Using dynamic oral dosing of rifapentine and rifabutin to simulate exposure profiles of long-acting formulations in a mouse model of tuberculosis preventive therapy.

作者信息

Chang Yong S, Li Si-Yang, Pertinez Henry, Betoudji Fabrice, Lee Jin, Rannard Steven P, Owen Andrew, Nuermberger Eric L, Ammerman Nicole C

机构信息

Center for Tuberculosis Research, Johns Hopkins University School of Medicine, Baltimore, Maryland, USA.

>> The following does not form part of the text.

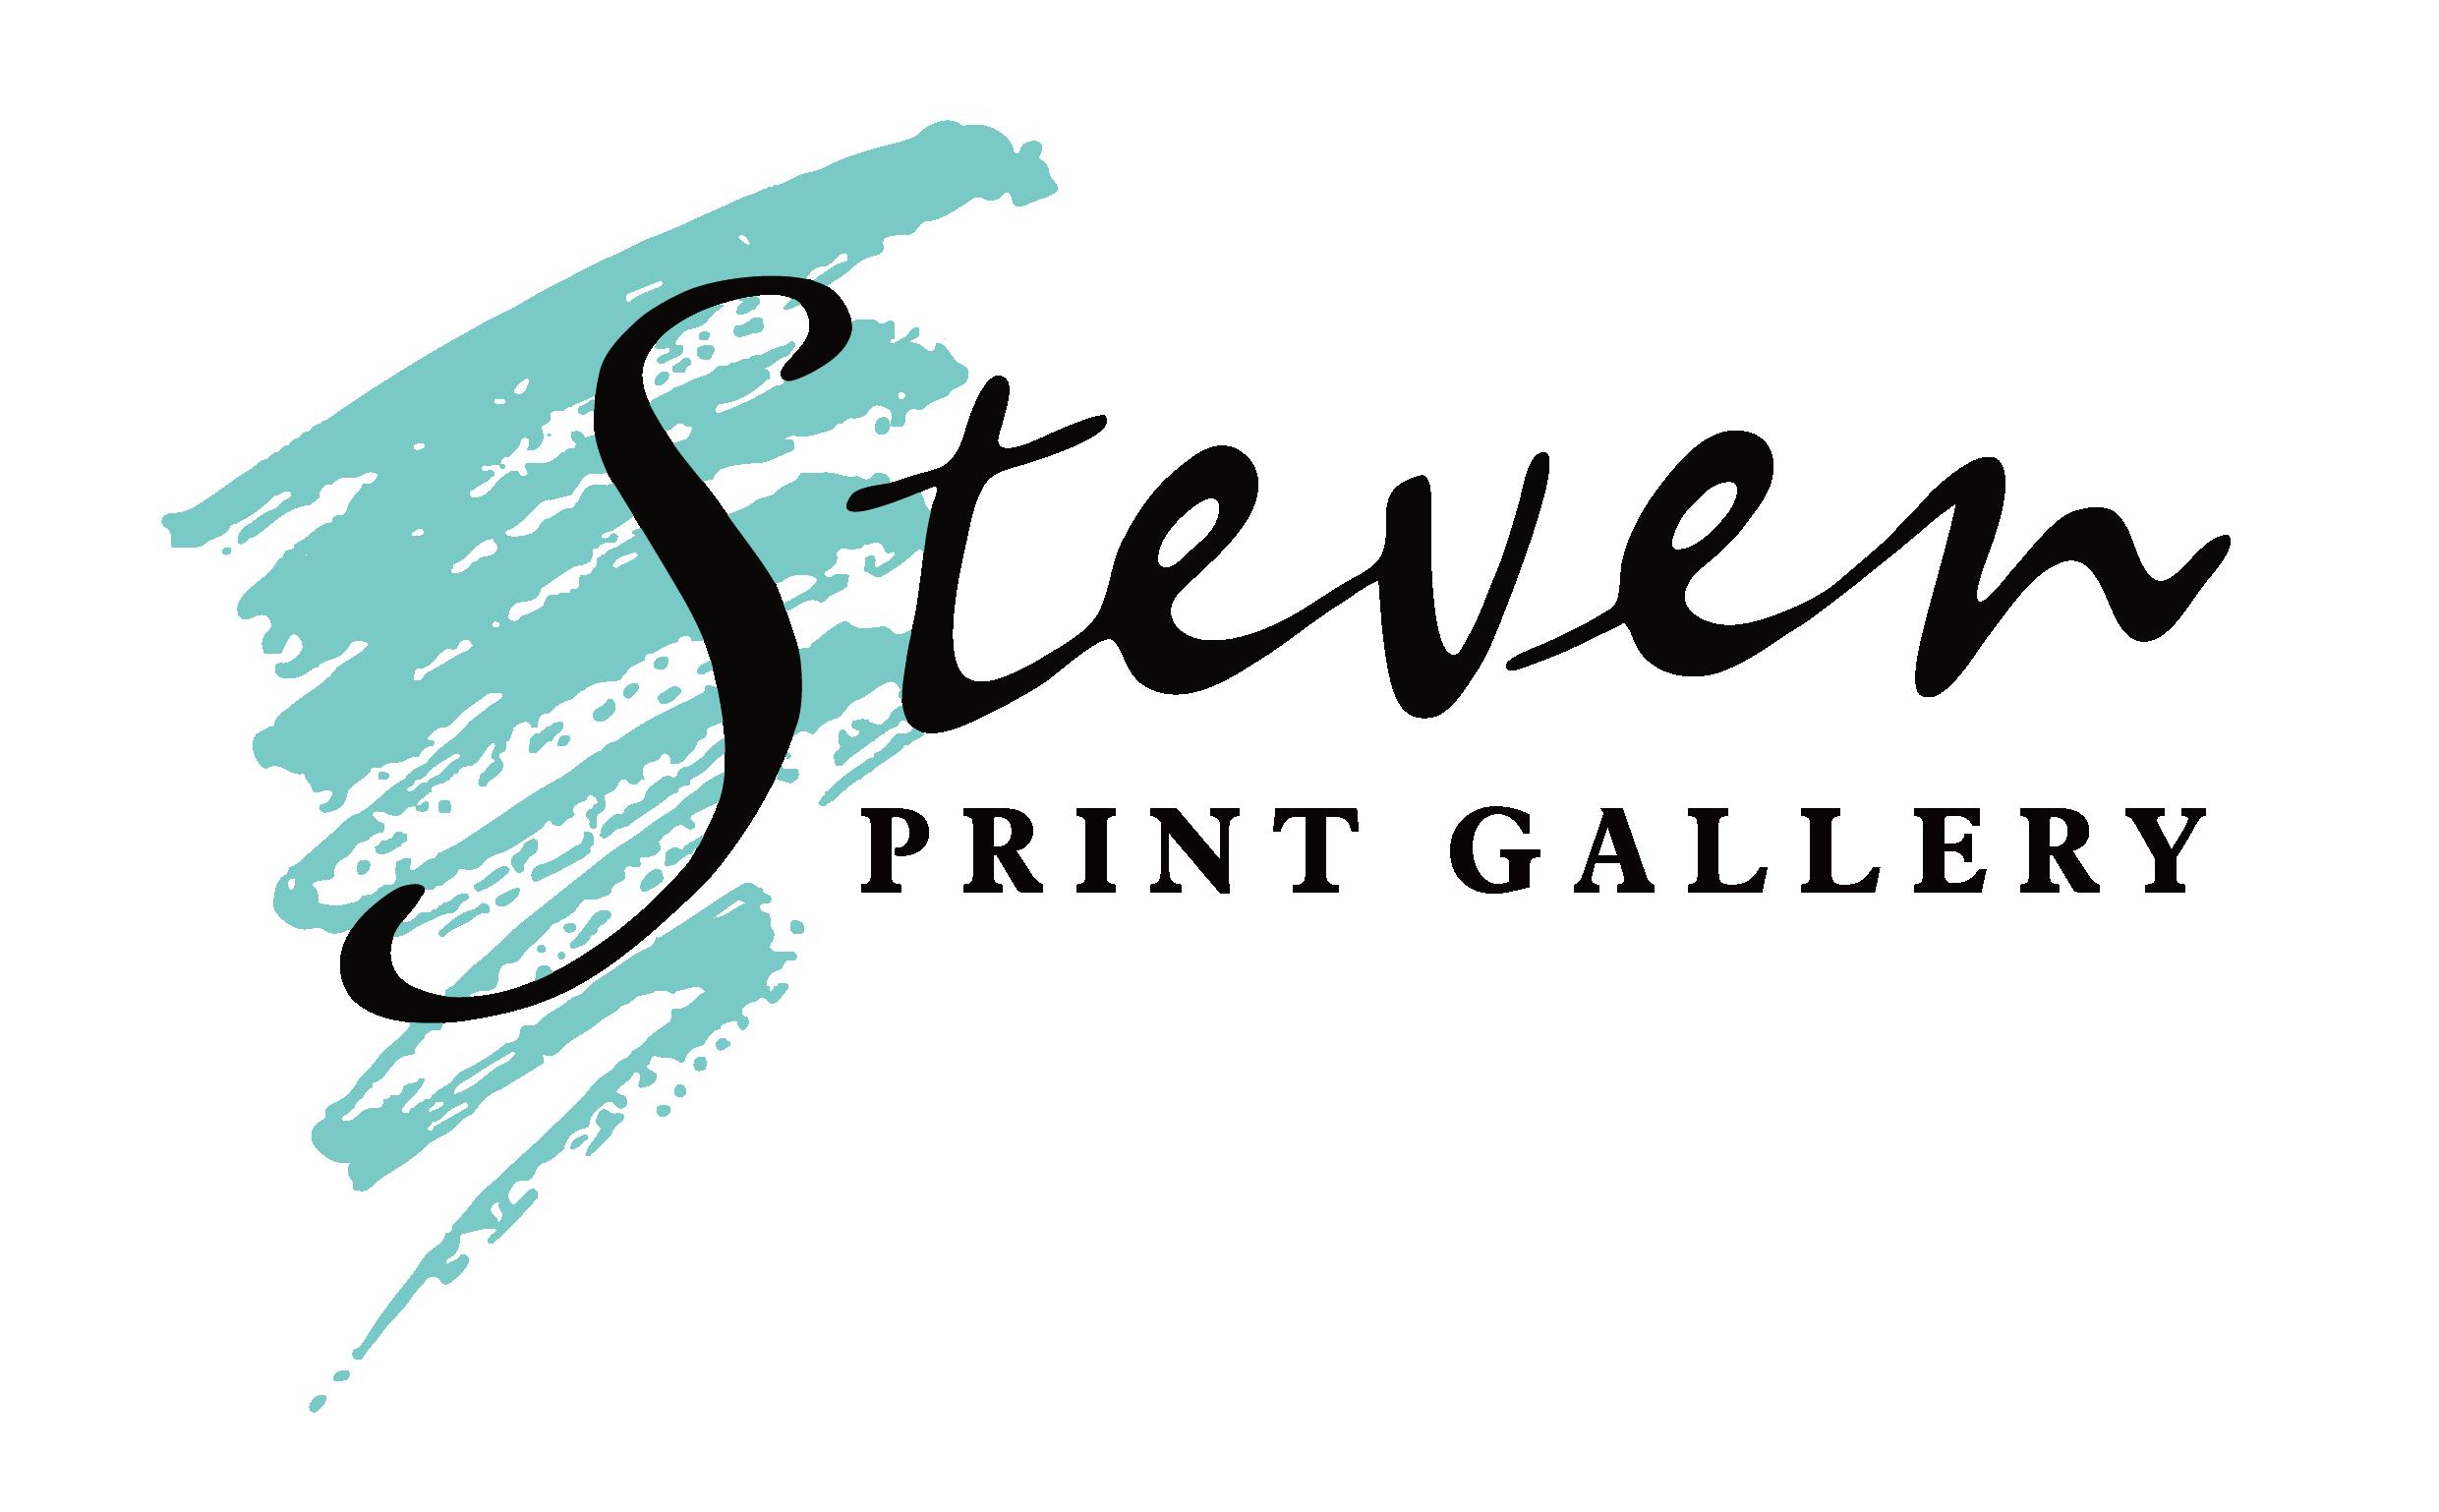 Steven Print Gallery

Touro College of Osteopathic Medicine-Middletown, Middletown, New York, USA (current address).

出版信息

bioRxiv. 2023 Apr 12:2023.04.12.536604. doi: 10.1101/2023.04.12.536604.

Abstract

Administration of tuberculosis preventive therapy (TPT) to individuals with latent tuberculosis infection is an important facet of global tuberculosis control. The use of long-acting injectable (LAI) drug formulations may simplify and shorten regimens for this indication. Rifapentine and rifabutin have anti-tuberculosis activity and physiochemical properties suitable for LAI formulation, but there are limited data available for determining the target exposure profiles required for efficacy in TPT regimens. The objective of this study was to determine exposure-activity profiles of rifapentine and rifabutin to inform development of LAI formulations for TPT. We utilized a validated paucibacillary mouse model of TPT in combination with dynamic oral dosing of both drugs to simulate and understand exposure-activity relationships to inform posology for future LAI formulations. This work identified several LAI-like exposure profiles of rifapentine and rifabutin that, if achieved by LAI formulations, could be efficacious as TPT regimens and thus can serve as experimentally-determined targets for novel LAI formulations of these drugs. We present novel methodology to understand the exposure-response relationship and inform the value proposition for investment in development of LAI formulations that has utility beyond latent tuberculosis infection.

摘要

对潜伏性结核感染个体进行结核预防治疗(TPT)是全球结核病控制的一个重要方面。使用长效注射(LAI)药物制剂可能会简化并缩短针对该适应症的治疗方案。利福喷汀和利福布汀具有抗结核活性和适合制成LAI制剂的理化性质,但用于确定TPT治疗方案疗效所需的目标暴露特征的数据有限。本研究的目的是确定利福喷汀和利福布汀的暴露-活性特征,以为TPT的LAI制剂开发提供信息。我们利用经过验证的TPT少菌型小鼠模型,并结合两种药物的动态口服给药,来模拟和理解暴露-活性关系,以为未来LAI制剂的用药剂量提供依据。这项工作确定了利福喷汀和利福布汀的几种类似LAI的暴露特征,如果通过LAI制剂实现这些特征,作为TPT治疗方案可能有效,因此可作为这些药物新型LAI制剂的实验确定目标。我们提出了新颖的方法来理解暴露-反应关系,并为投资开发LAI制剂的价值主张提供信息,该方法的效用超出了潜伏性结核感染的范畴。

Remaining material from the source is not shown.